This practice is common. Over the past 50 years there have been thousands of incidents where people of ethnic Macedonian background have been denied entry into Greece. This Greek Government policy is one which most people, as they find out about it, invariably find abhorrent, and it has rightly been criticized over many years by all of the world's major human rights organizations.

Although political circles in the USA, Canada, Australia and other countries with expatriate Macedonians from northern Greece know about this practice, no government has been prepared to take up the cause. The Australian Government, for example, is well aware of the practice, but does nothing about it, neither in terms of putting pressure on Greece to change its policy, nor to assist affected individuals.

The basis for Greece's behaviour is its 1912 invasion of half of the territory of Ottoman Macedonia during the First Balkan War and its later annexation of this territory, which at the time was overwhelmingly peopled by people of non-Greek ethnicity - including Macedonians, Turks, Bulgarians, Albanians, Vlachs, Jews, and many others.

Greece has "pacified" this multi-ethnic territory through a long term Hellenization program that has included massive population exchanges with Turkey and Bulgaria, and policies of economic underdevelopment combined with ruthless political suppression that have seen many tens of thousands of the local inhabitants migrate to the USA, Canada, Australia and elsewhere.

The Greek Civil War in 1945-49 and the associated Macedonian Freedom War in Aegean Macedonia (northern Greece), where many local Macedonians gave their support to autonomy or independence from Greece, saw many more local Macedonians leave their homeland, some as political refugees, some in the aftermath as economic refugees.

Many of these Macedonians have never been allowed to return, even over half a century later. Over this entire period the Greek government has consistently and assiduously practised a policy that has denied many Macedonians the right to return to their birthplaces, even for short family and social visits.

The Greek Government has excluded three types of ethnic Macedonians: refugees from the Greek Civil War including over twenty thousand children who were evacuated for safety reasons, human rights activists who are of Macedonian background and have campaigned for human rights for the remaining ethnic Macedonians in northern Greece, and Macedonians who in their passports have their place of birth such as their village under its Macedonian name instead of the newer Greek name.

Many of these Macedonians, particularly in the first two categories, have been placed on a "black list". The existence of this "black list" has been well known for decades, and I had cause to wonder if I too was on the list when my wife and I planned to visit northern Greece as part of our honeymoon in October 1996.

Both my parents, my grandparents and all of my forebears as far as I am aware were from the village of Neret. After the Greek invasion and annexation, the village was given the Greek name of Polipotamos. My parents left their village for Australia in 1955 and in due course became Australian citizens. They spent the rest of their lives in Australia and never returned to their village, even for a holiday. My wife and I planned to spend two or three nights in Greece and to visit the village, which is less than 20 kilometres from the border with the Republic of Macedonia.

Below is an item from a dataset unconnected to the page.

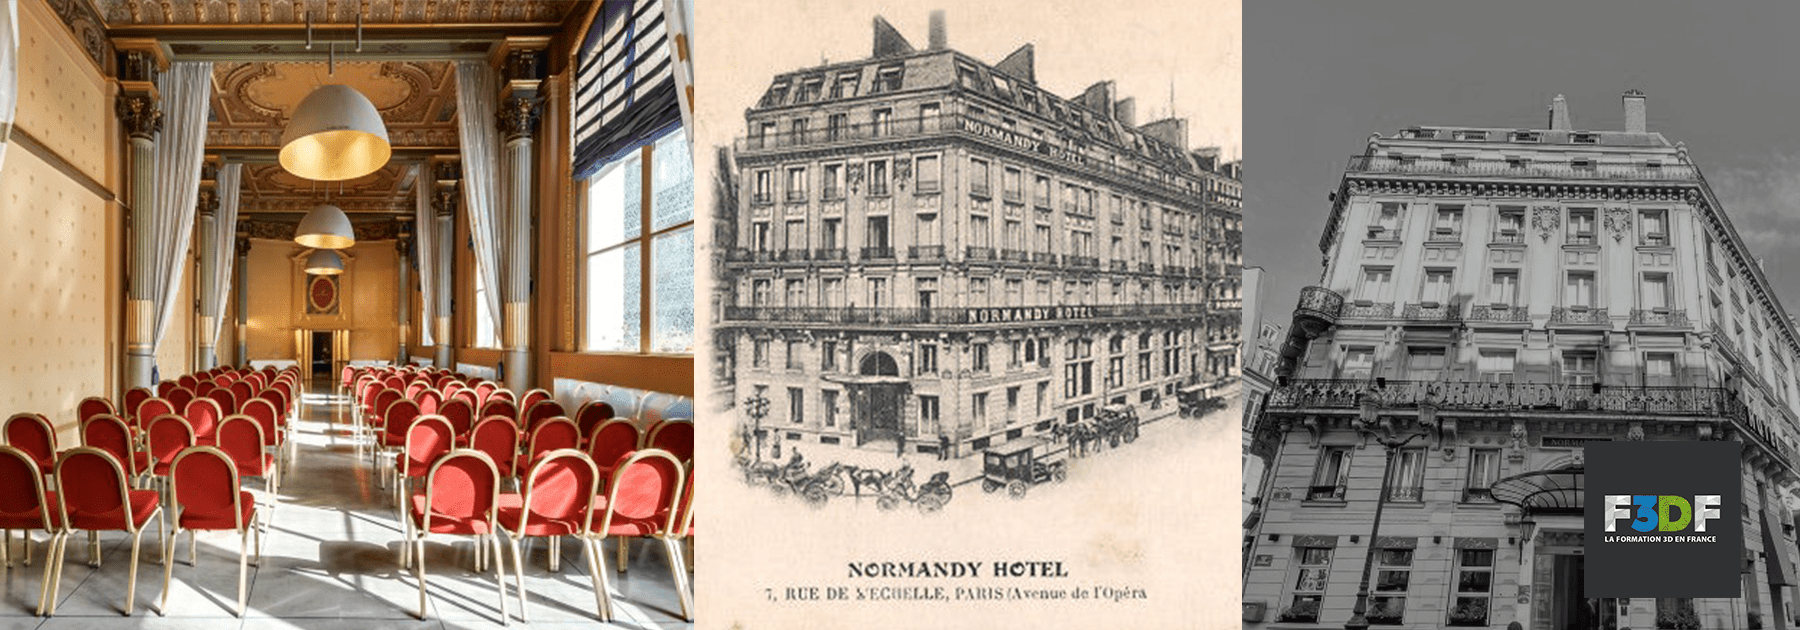 Hotel Normandy : un nouveau cadre de prestige pour les formations F3DF

I had previously visited the village for a day in 1988. But at that time I still had a Greek surname and was not politically active. By 1996 I had published three books in English on human rights in northern Greece - What Europe Has Forgotten: The Struggle of the Aegean Macedonians; The Rising Sun in the Balkans: The Republic of Macedonia; and Macedonian Agenda. My publishing business, Pollitecon Publications, was also the Australian agent for the 1994 Human Rights Watch report Denying Ethnic Identity: The Macedonians of Greece.

At the time I was well aware that there was a possibility that I was on the "Greek Black List" and so I took several precautions to minimize the possibility of arousing Greek hostility at the border.

For example, I knew through my human rights work that any literature or symbol related to "Macedonia" or to the "Republic of Macedonia" would attract the attention of the Greek border guards and would probably be confiscated or damaged. In many instances such literature had been reason enough for the border officials to deny the bearer entry into Greece.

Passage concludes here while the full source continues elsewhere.